Traduction: [ Google | Babelfish ]

Catégories : [ Science ]

For quite a while, I've been wondering what to do with movies or games which have been rated with a small number of people, such as the ones found on IMDb or BoardGameGeek: users can give a 0 – 10 rating to items, and the users' average is then shown. Is an obscure movie rated 8 by 42 people actually worth an 8?

Putting aside the actual usefulness of those ratings, I wanted to know how much uncertainty there is on those values, knowing only the arithmetic mean and the number of people who have voted.

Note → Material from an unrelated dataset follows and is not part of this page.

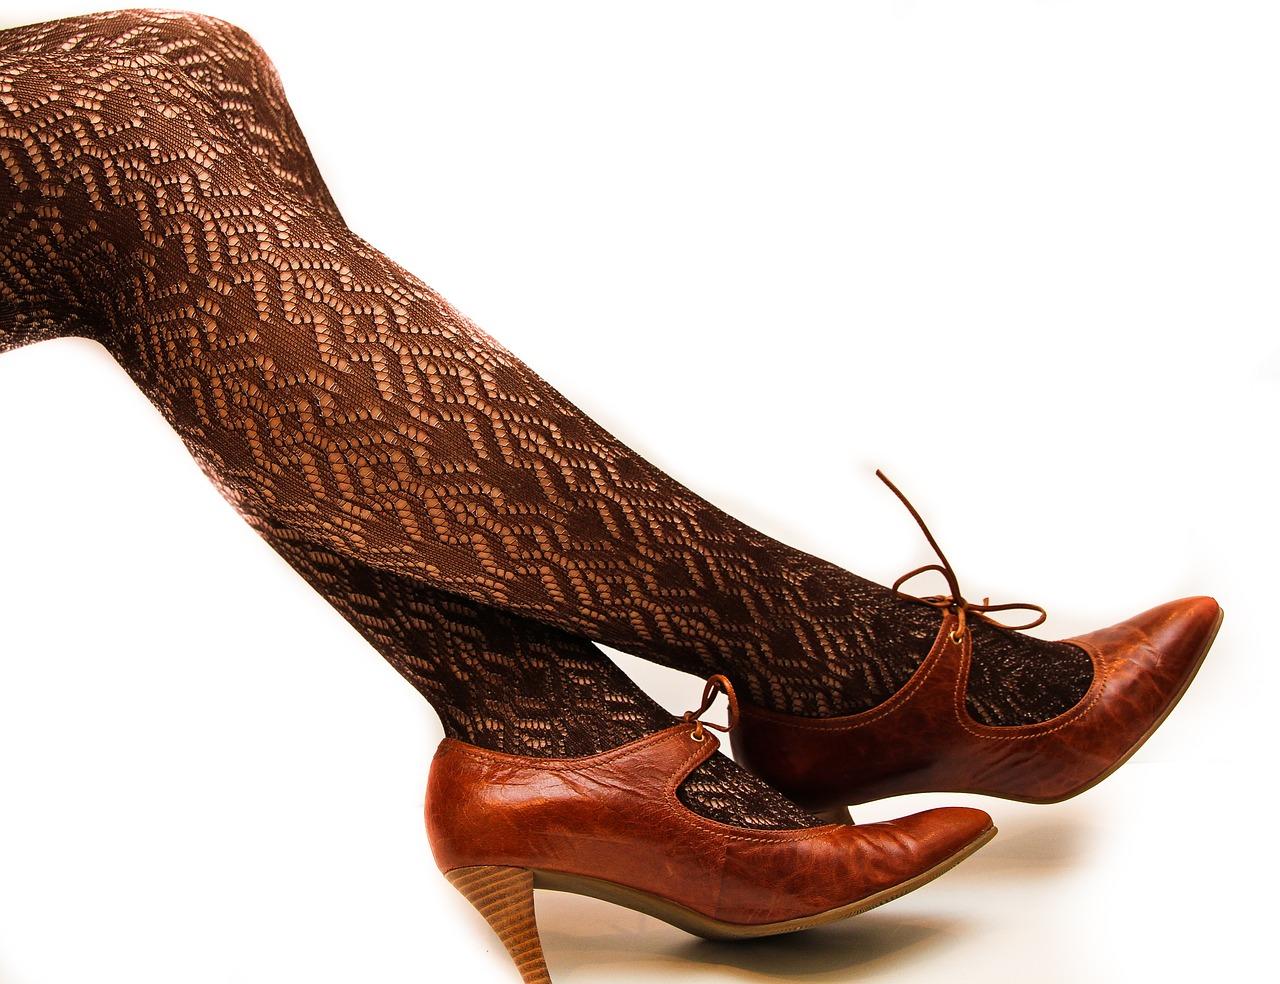 Welche Strumpfhose passt zu unseren Beinen?
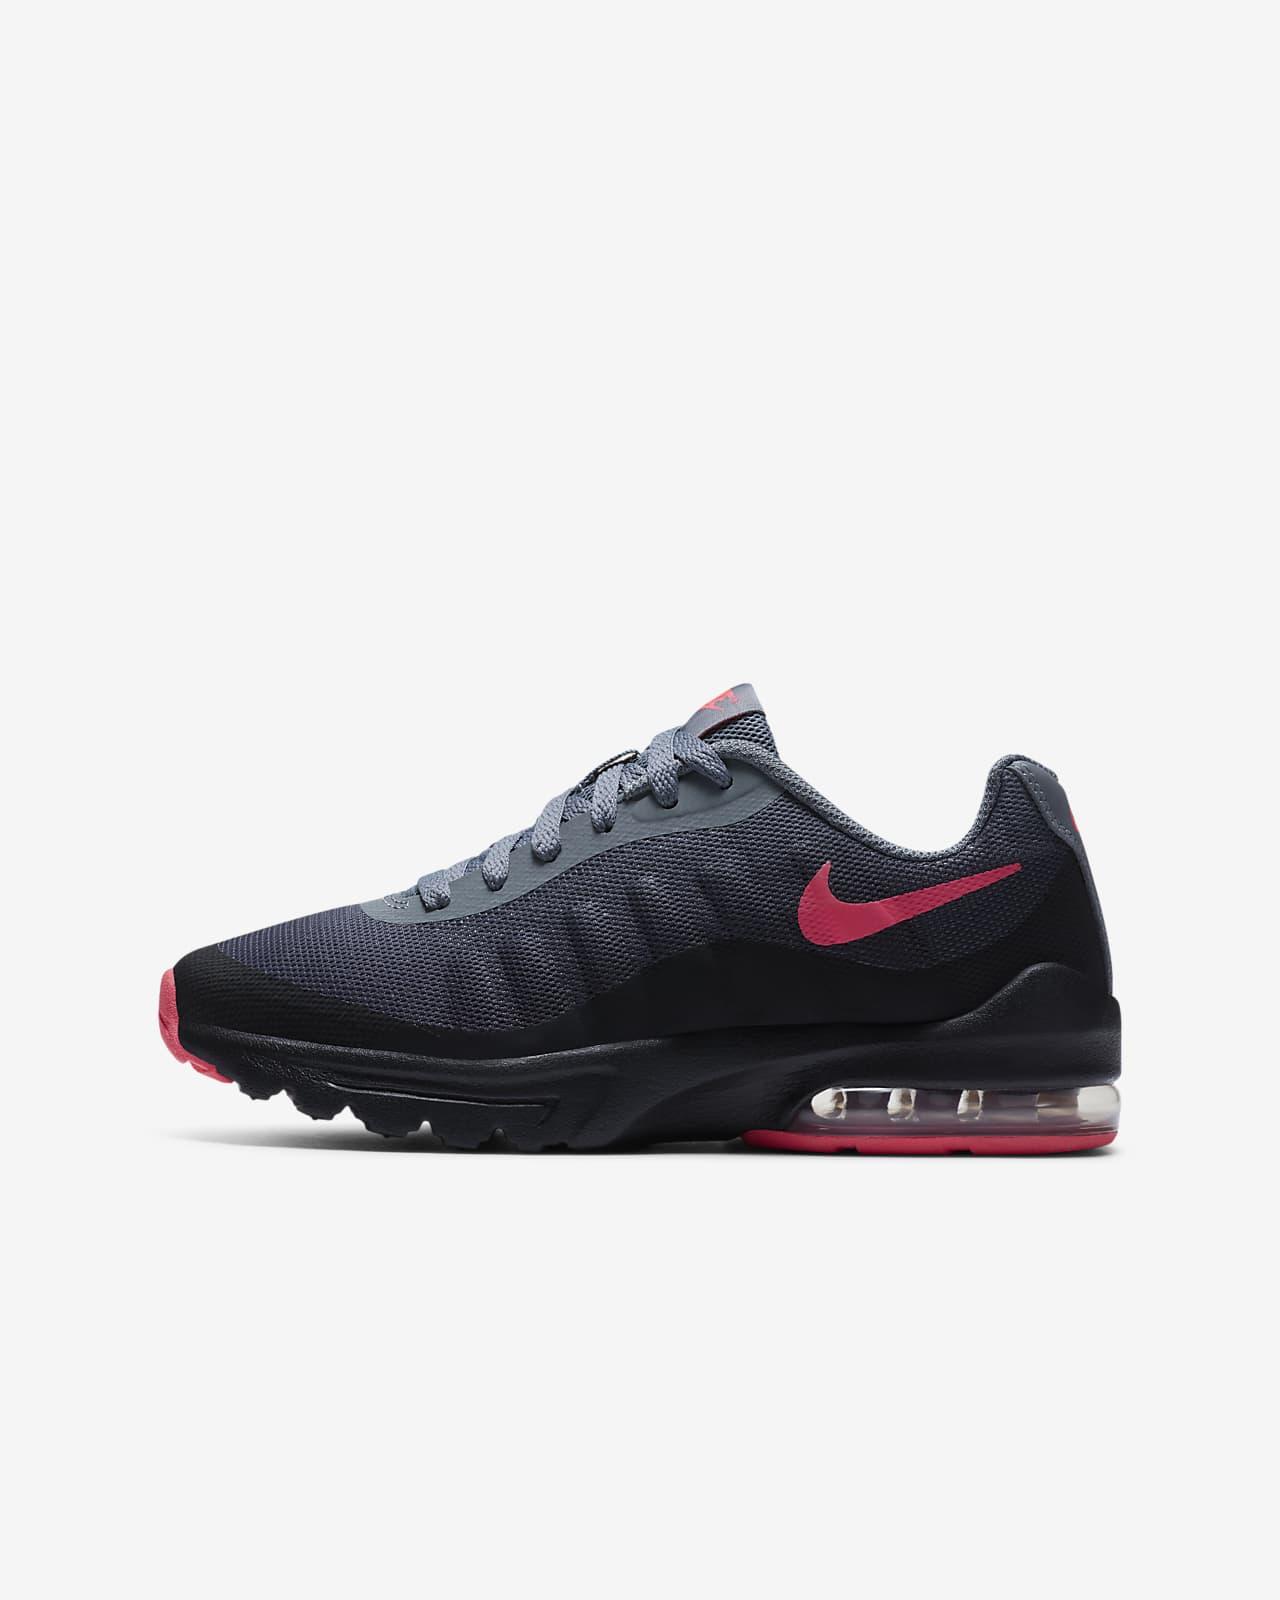 Παιδικό παπούτσι για τρέξιμο Nike Air Max Invigor (35,5-40)

Given population (i.e., all the users who have seen the film or played the game and who could vote), when we take a sample (i.e., the users who have rated the item) of size n, we get a sample mean m. But if another sample had been taken, we would have gotten a slightly different sample mean. How much much different would these two values be? In other words, how close is this value from the value we would get if the whole population would have rated the item?

The standard error of the mean indicates how much the sample mean m can vary by calculating its standard deviation sm = s/√n. The problem is that it is based on the standard deviation s of the population, which is unknown. Given that we do not know the users' individual ratings, we cannot either calculate the standard deviation of the sample.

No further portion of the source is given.